Relevant Project Idea

  • Create a Native American community using three-dimensional shapes as the dwellings and have students use their shapes as models in finding measurement (surface area)
  • Write an essay of what they learned in bridging heritage and math
  • Show and tell - students will bring artifacts of their heritage or artifacts of the geometry concept they learned.


Marzano, Robert. J.  & Simms, Julia. A., Vocabulary for the Common Core, Marzano Research Laboratory, Bloomington, IN, 2013

Elliott, Andrew C, Is That A Big Number?, Oxford University Press, Oxford, United Kingdom, 2018

Van de Walle, John A; Bay-Williams, Jennifer M., Lovin, LouAnn H., Karp, Karen S., Teaching Student-Centered Mathematics Developmentally Appropriate Instruction for Grades 6-8, 2nd Edition, Pearson Education, Inc., Boston, MA, 2014

Howe, Roger, Perimeter, Area, Volume, and All That; A Study of Measurement, 2019

Envision Math, Grade 6, Pearson Education, Inc. 2107



Our school is implementing the Common Core State Standard (CCSS) which is a research-based set of learning progression detailing how students’ mathematical knowledge, skill, and understanding develop at each grade level. The standards support the development of knowledge and skills students need in order to prepare for mathematics in college, career, and in life.  These standards define what students should understand and be able to do at each grade level. The standards encourage students to solve real-world problems using the components of mathematical practices.

The Dine’ Cultural Standards was developed by the Navajo Tribe to support the instruction and revitalization of the Dine’ language and culture.  The standards are still in the development stages and are used by many schools on the Navajo Reservation.  There are only a few standards created, but are the very foundation of our tradition.

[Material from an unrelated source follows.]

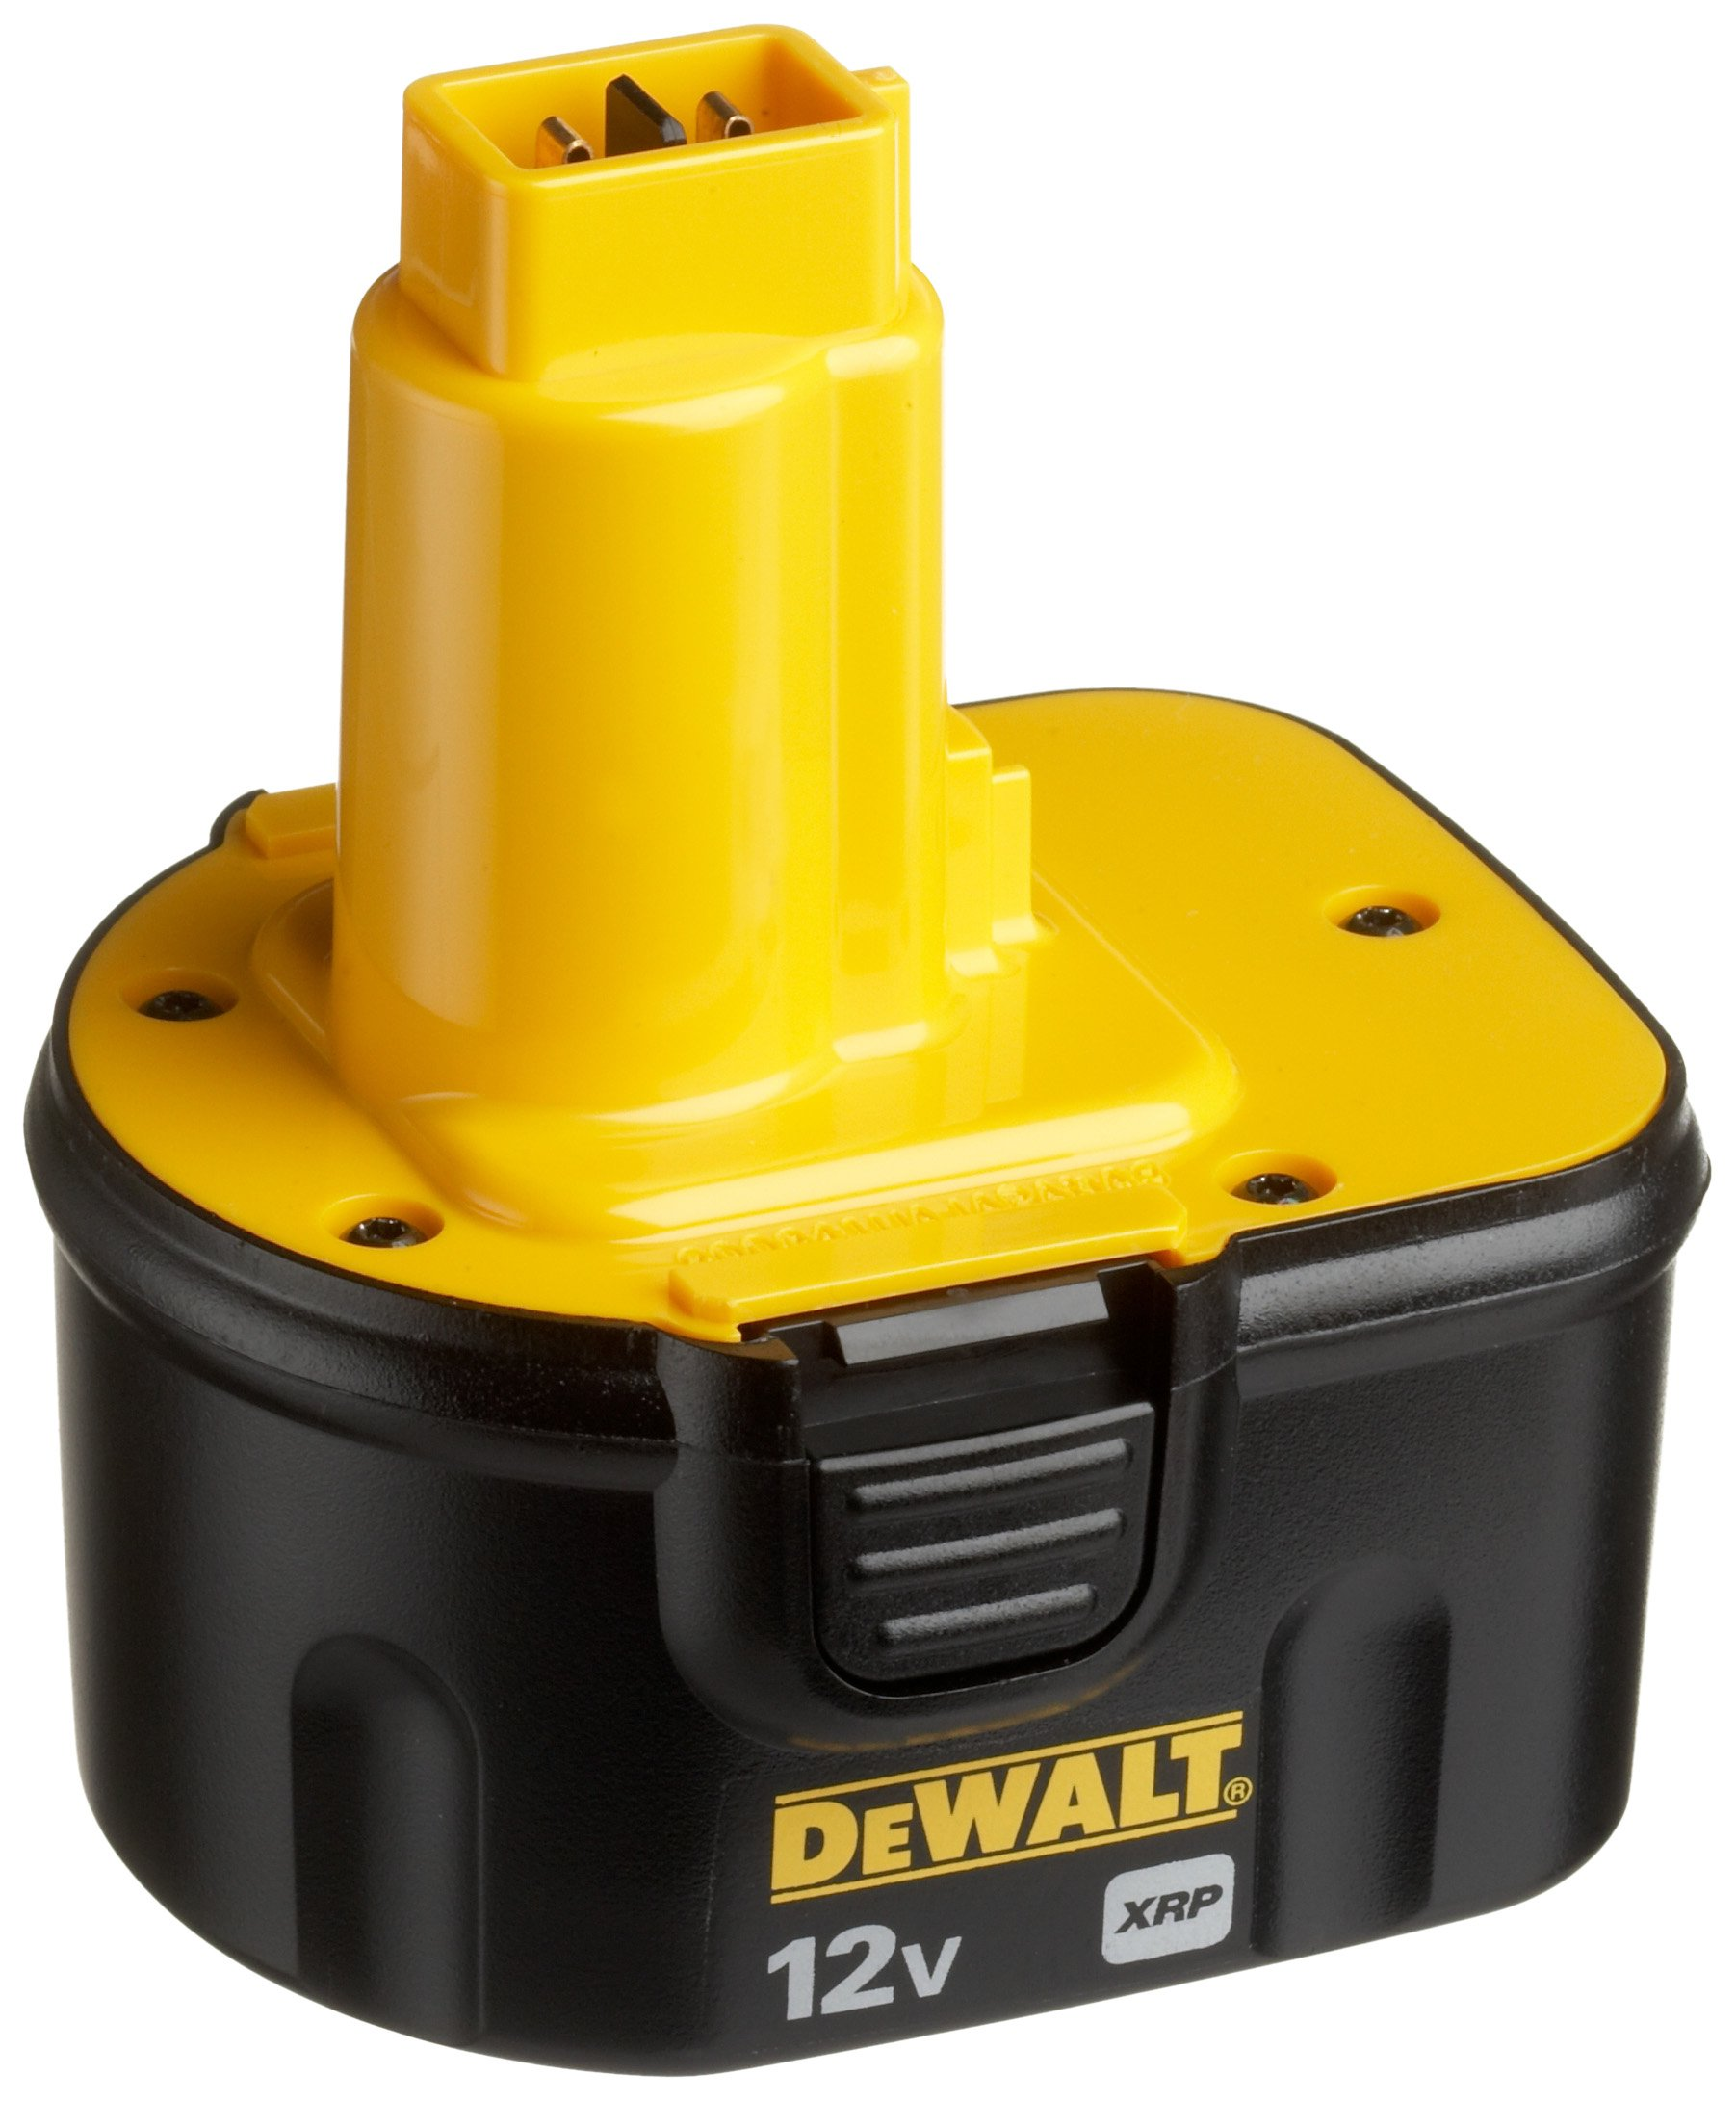 DEWALT DC9071 XRP 12-Volt 2.4 Amp Hour NiCd Battery by DEWALT (Image #1)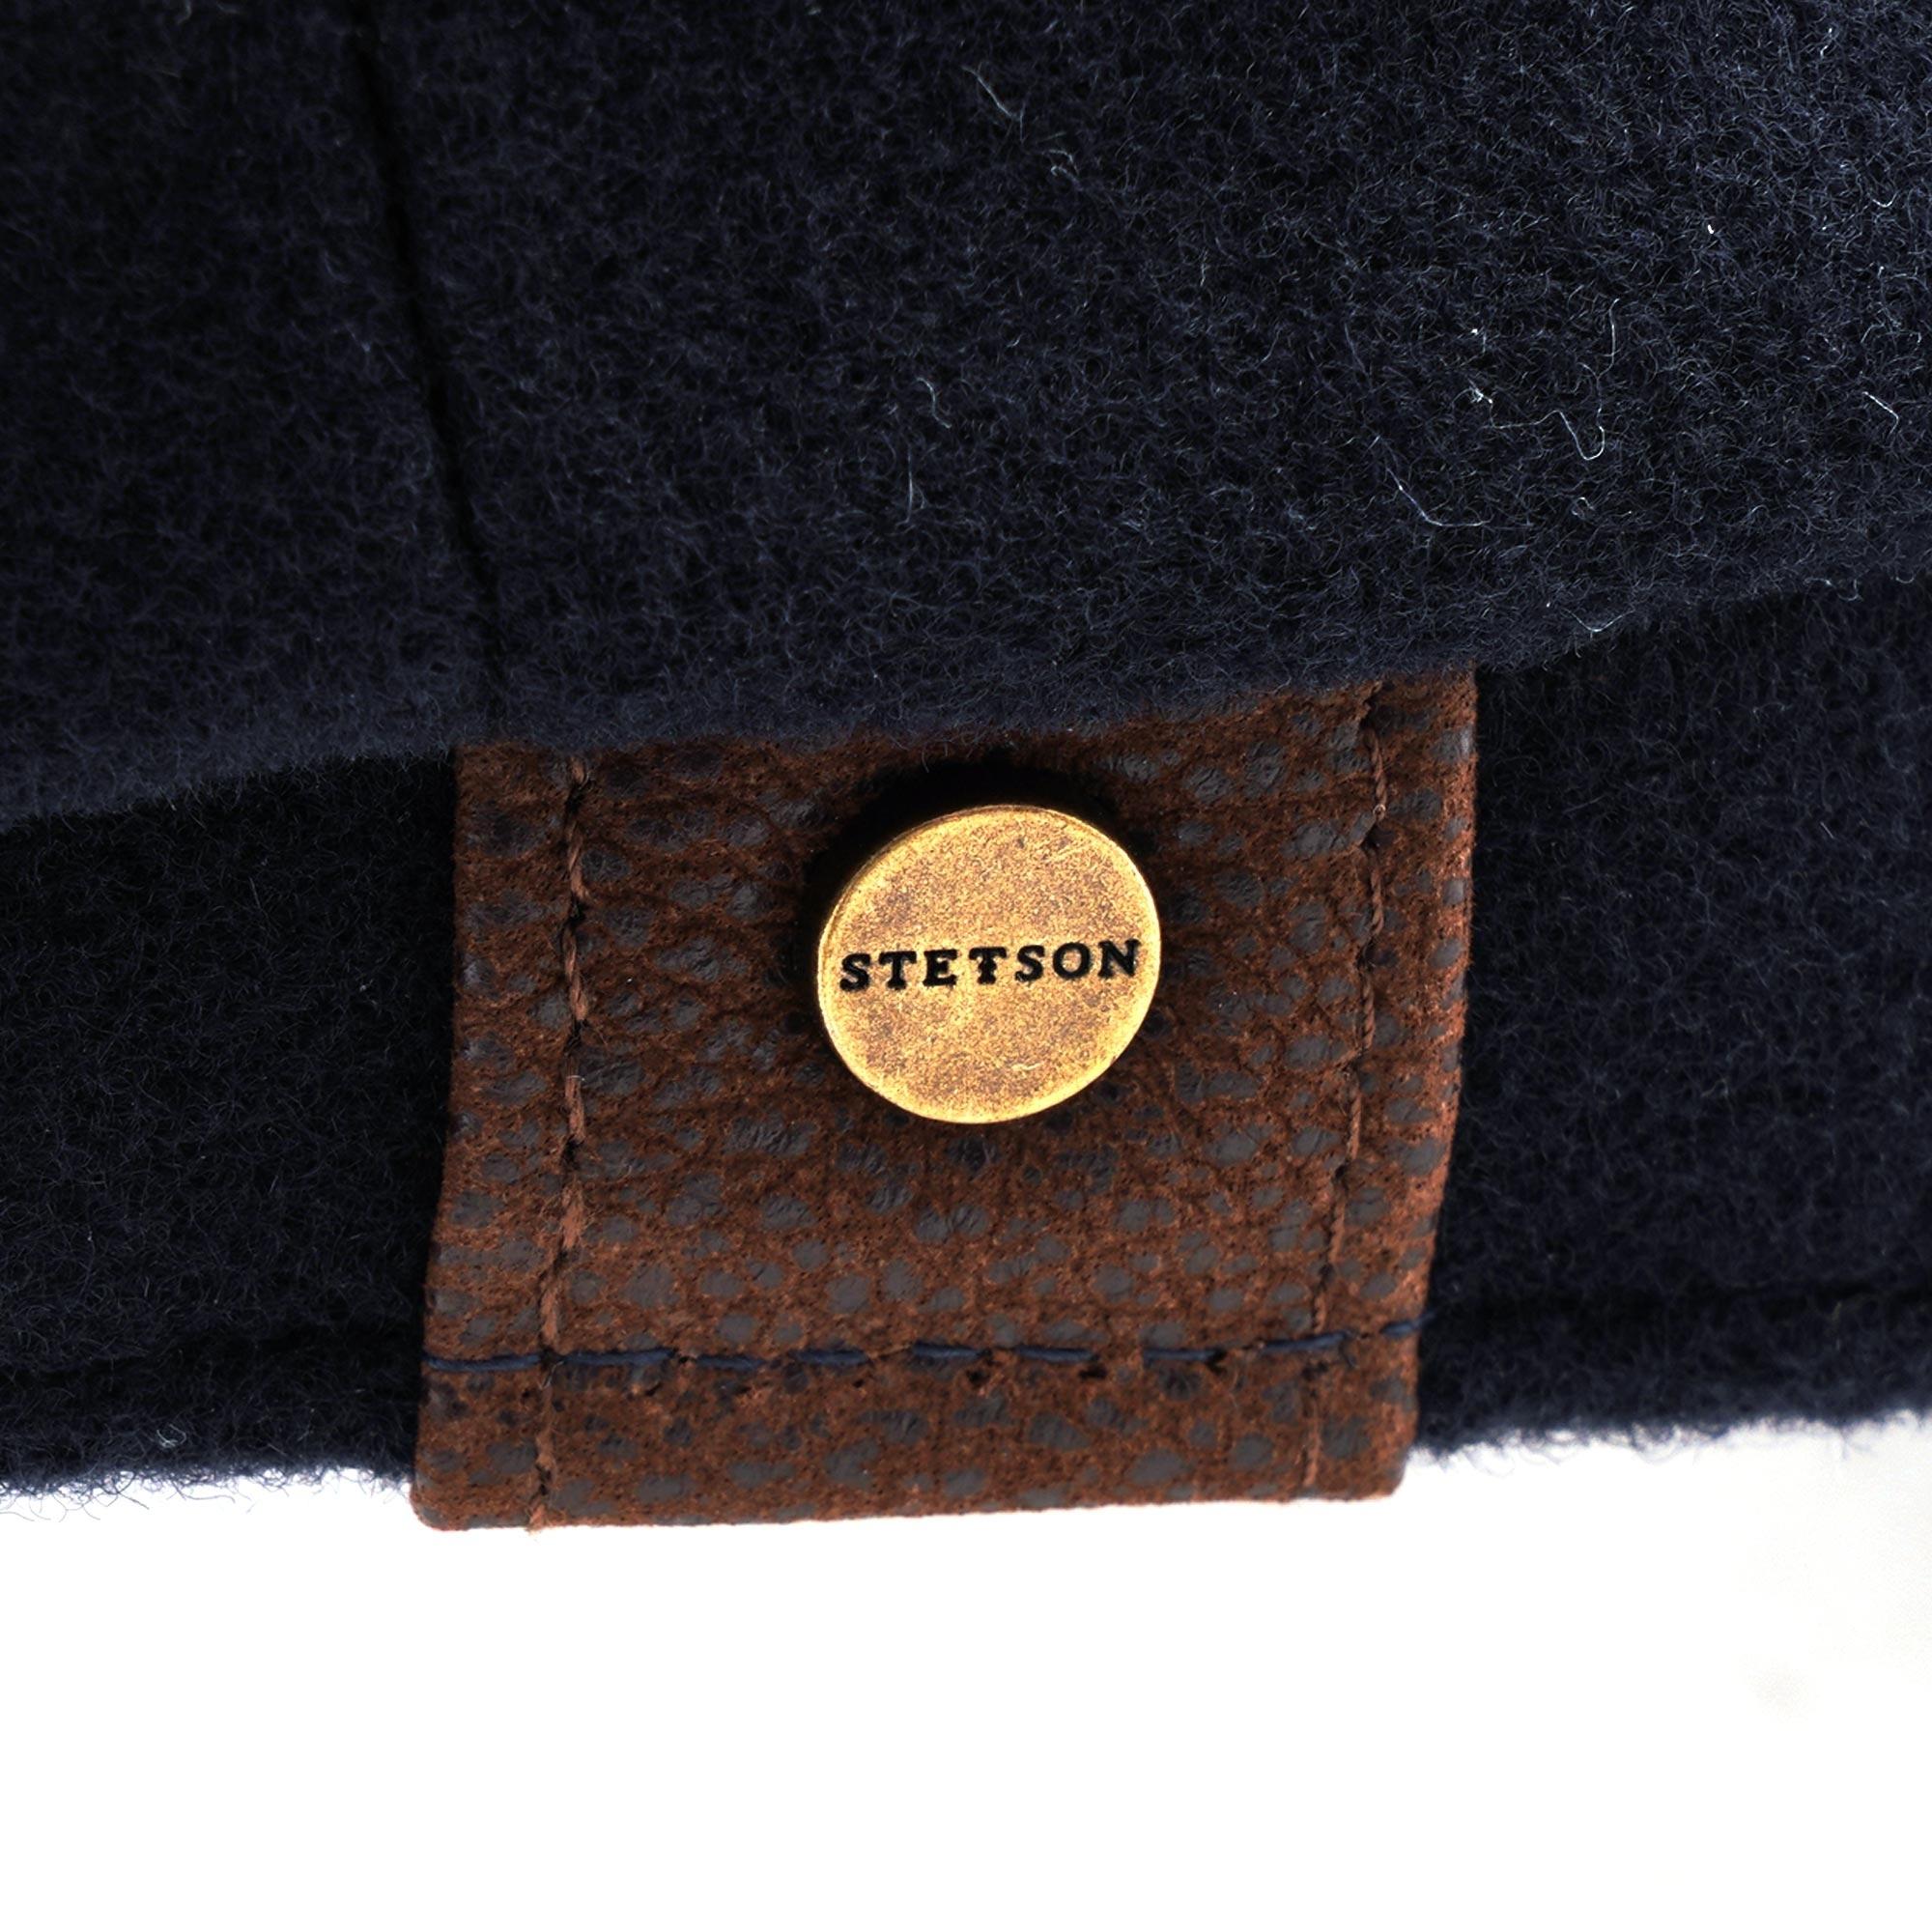 Stetson Wool Check Riders Cap Elbsegler Wollcap Ballonm/ütze Newsboy-M/ütze Baker-Boy-M/ütze Damen Futter Herbst-Winter Made in Italy mit Schirm

Therefore, my unit is created to support my students develop a concrete understanding of the geometry strands from the Common Core Standards integrated with the cultural relevancy using the Dine’ Cultural Standards.  The following are the list of standards addressed in this unit:

Standard 6.G Solve real-world and mathematical problems involving area and surface area.

6.G.4 Represent three-dimensional figures using nets made up of rectangles and triangles, and use the nets to find the surface area of these figures.  Apply these techniques in the context of solving real-world and mathematical problems.

Standard 7.G.6 Solve real world and mathematical problems involving area and surface area of two- and three-dimensional objects composed of quadrilaterals, polygons, cubes and right prisms.

Dine’ Standard Concept 1 Nitsahakees – Shintsahakees bee adil nishdlii doo bee adaa akonisdzin dooleel - I will engage in activities that will increase my sense of self worth.

Dine’ Standard Concept 3 – Iina – Bits aadoo bee da iinaanii baa akonisin dooleel – I will implement and recognize the Dine’ lifestyle.